Túlia só queria descobrir um jeito glamouroso de sentir as coisas.
Não falta muito pra completar 1 ano que ele não a tenha visitado um só dia. 1 ano sendo lembrado todos os dias pela mesma pessoa. Não sei quantas pessoas têm esse privilégio e talvez ele seja privilegiado por gente demais, o que justificaria sua total falta de importância pra esse fato. Mas Túlia, embora tenha tentado diminuir o significado disso para muitos de seus amigos e até para si mesma, finalmente admitiu que isso era grande. E era grave.
E nesse quase 1 ano não foram poucos os esforços para se fazer notar. Túlia montou e remontou a sua tática inúmeras vezes; persistiu e desistiu tantas outras.
Ele a fazia se sentir viva e tudo a custo de que? Como pode alguém honrar quem te tira muito mais do que te dá? Foi-se o amor próprio, o juízo, a capacidade de se impor e de repente tudo lhe soava ameaçador. A troco de que, afinal? Sentir-se viva? Bom, Túlia não está se sentindo tão viva assim.
De todas as coisas que ela aprendeu com ele, sua habilidade mais notável era fingir. Fingir, agora, era uma virtude. Sobretudo porque se não fosse seu fingimento, talvez ela não fosse assim tão aceita. Sorrir quando queria chorar. Rir quando queria gritar. Conter-se quando queria extravasar. Mas na sua cabeça tudo isso era temporário, um dia ela teria a chance de ser ela mesma... E ela teve.
Por mais que ela se aproximasse do que realmente queria mostrar, ainda assim, seu jeito, aos olhos dele, nunca foi verdadeiramente revelado. Túlia não era uma pessoa assim, tão característica, de um jeito só. Suas nuances eram variadas. Túlia era a Lua. E os outros reconheciam isso, exceto ele, que a desestabilizava e exercia algum poder inexplicável que não a permitia mostrar-lhe todas essas camadas da sua personalidade, que a tornava aquilo que se poderia chamar de complexo. Ele a via daquele jeito destorcido e Túlia não conseguia se livrar da frustração de que ele nunca seria capaz de enxergá-la tão diversa.

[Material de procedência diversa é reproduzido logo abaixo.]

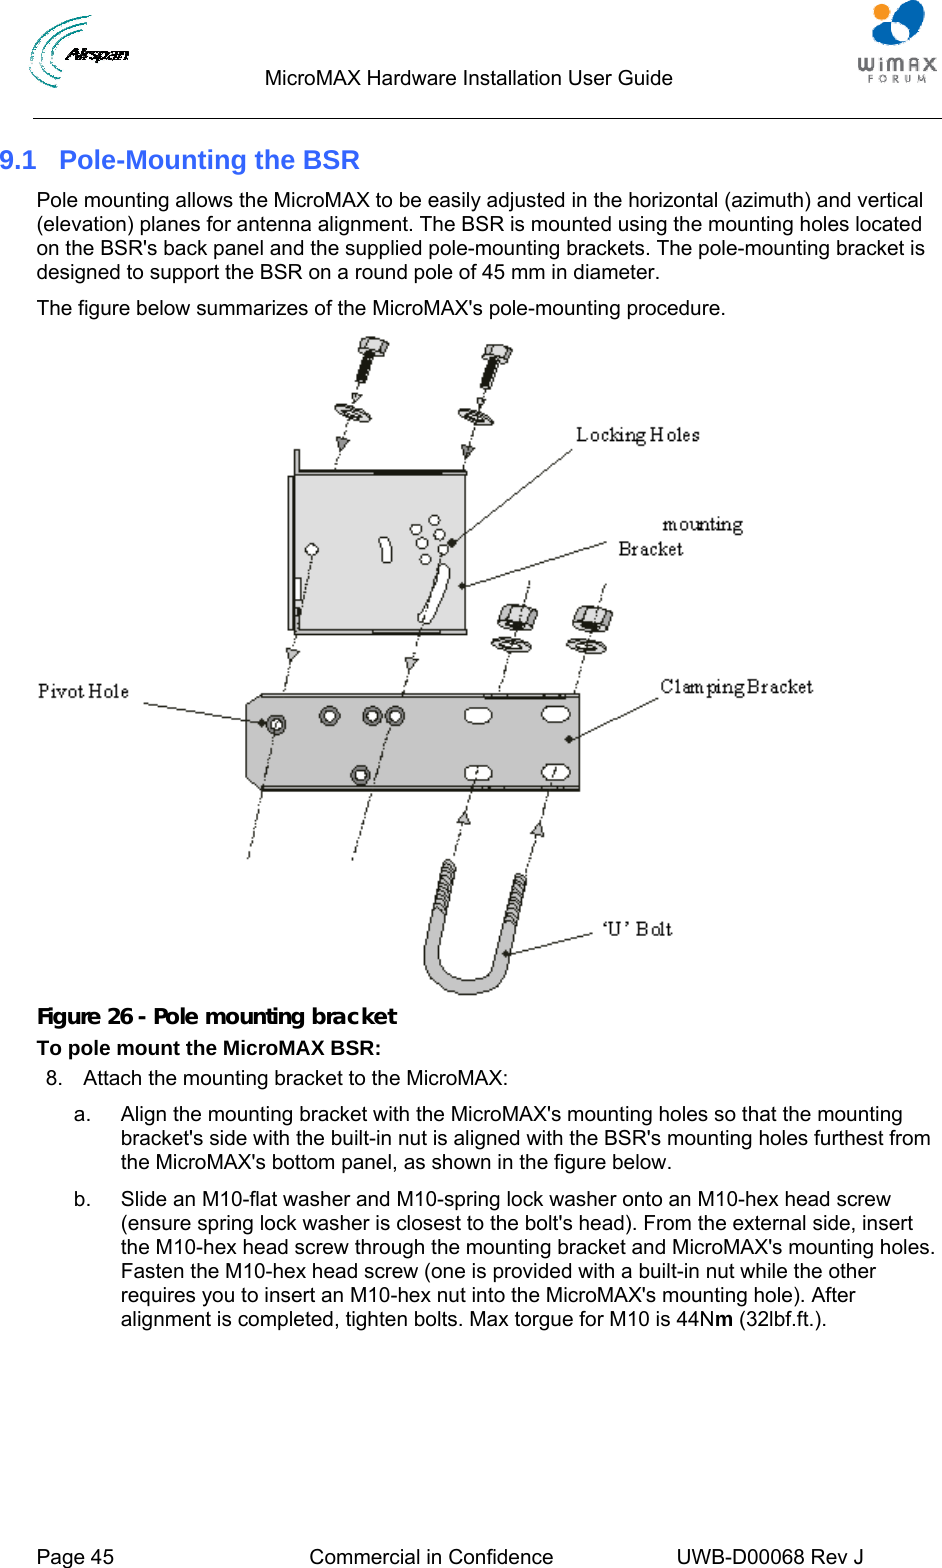                                  MicroMAX Hardware Installation User Guide     Page 45  Commercial in Confidence  UWB-D00068 Rev J   9.1  Pole-Mounting the BSR Pole mounting allows the MicroMAX to be easily adjusted in the horizontal (azimuth) and vertical (elevation) planes for antenna alignment. The BSR is mounted using the mounting holes located on the BSR&apos;s back panel and the supplied pole-mounting brackets. The pole-mounting bracket is designed to support the BSR on a round pole of 45 mm in diameter. The figure below summarizes of the MicroMAX&apos;s pole-mounting procedure.  Figure 26 - Pole mounting bracket To pole mount the MicroMAX BSR: 8.  Attach the mounting bracket to the MicroMAX: a.  Align the mounting bracket with the MicroMAX&apos;s mounting holes so that the mounting bracket&apos;s side with the built-in nut is aligned with the BSR&apos;s mounting holes furthest from the MicroMAX&apos;s bottom panel, as shown in the figure below. b.  Slide an M10-flat washer and M10-spring lock washer onto an M10-hex head screw (ensure spring lock washer is closest to the bolt&apos;s head). From the external side, insert the M10-hex head screw through the mounting bracket and MicroMAX&apos;s mounting holes. Fasten the M10-hex head screw (one is provided with a built-in nut while the other requires you to insert an M10-hex nut into the MicroMAX&apos;s mounting hole). After alignment is completed, tighten bolts. Max torgue for M10 is 44Nm (32lbf.ft.).

Túlia, por sua vez, sentia o peso da injustiça de tudo isso, porque ela era capaz de enxergar o que ele tinha de melhor, mesmo que o que ele tinha de pior não parasse de apitar ao lado, lembrando-a da sua imperfeição. Imperfeição que ela conseguia aceitar e não importava que a incomodasse, ela não mudaria nada. Estava aí uma grande diferença entre eles! Ele não aceitava as imperfeições dela e, por essa razão, ele sempre conseguia colocar outras pessoas acima de Túlia, enquanto ela o colocava em um pedestal muito mal recebido para quem estava de plateia. E isso era o que mais a matava e matava e matava. E por mais que ela conseguisse sorrir em meio a sua própria morte, Túlia não via glamour nisso.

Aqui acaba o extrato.